Published in Mobiles

Nvidia hatches VR plan with Stanford University

by on20 November 2015

Next gen headsets which don't make you sick by 2018

Nvidia and Stanford University brewing a new generation of virtual reality headsets that could be in the shops by 2018.

Nvidia and Stanford need to come up with a way to make virtual reality a more comfortable experience. Nvidia hopes its alliance with Stanford University will give it an edge in this growing market.

David Luebke senior director of research at Nvidia, almost all of the VR setups are pretty uncomfortable to use if it’s within arm’s reach because of depth cues like stereo and accommodation.

“This is because of the vergence-accommodation conflict, which is how much the lens of your eye has to change to bring sharp focus to your retina.” he said.

This was famously been a problem with 3D TV and 3D movies. The director puts an object in front of you to have it in focus, but your eye still needs to focus on the screen that’s six feet away. If you want to look at an arm’s reach distance you have to cross your eyes, and this causes some people to get headaches and some people to see double images.

Nvidia asked Stanford University to collaborate and develop new technology that could solve this problem.

Gordon Wetzstein, assistant professor in the Electrical Engineering Department at Stanford University said they came up with a new display technology called the light field stereoscope, that addresses the vergence-accommodation conflict.

“It provides a much richer and more natural visual experience than conventional head mounted displays and has the potential to reduce nausea, eyestrain, and also increase visual comfort.”
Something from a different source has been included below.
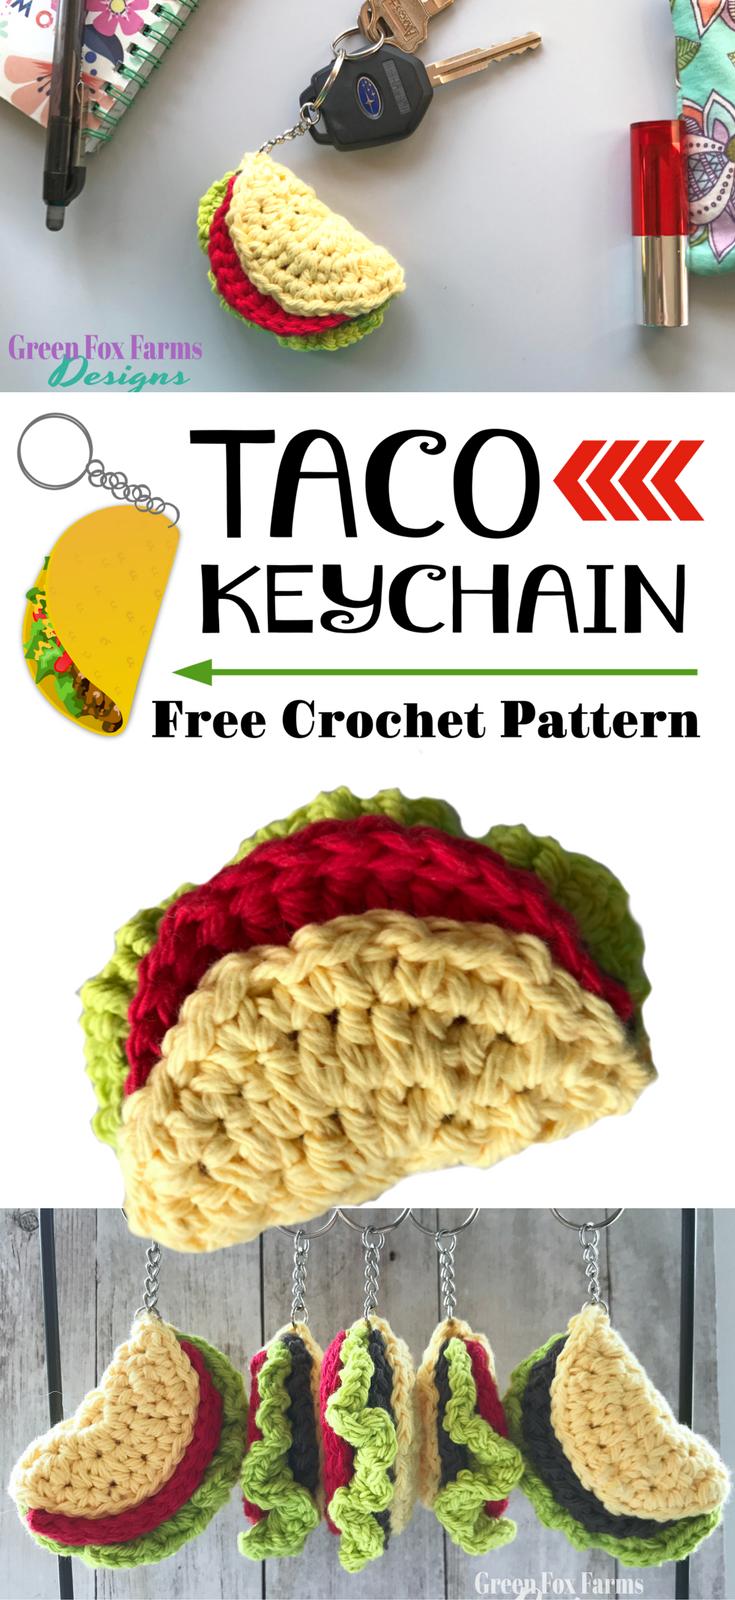 Taco keychain free crochet pattern crochet taco crochet food taco keychain free crochet pattern crochet taco crochet food play food bankloansurffo Choice Image

The early light field stereoscope prototypes use two displays with two layers of LCD panels separated by 5 millimeters. The headsets send each eye an entire 4D light field of images so that each eye can naturally disseminate focus between objects that are nearby and further away. The prototypes also feature head tracking, and users can see their hands within the virtual worlds.

Luebke says the prototypes Nvidia and Stanford are developing today could be consumer products within three to five years.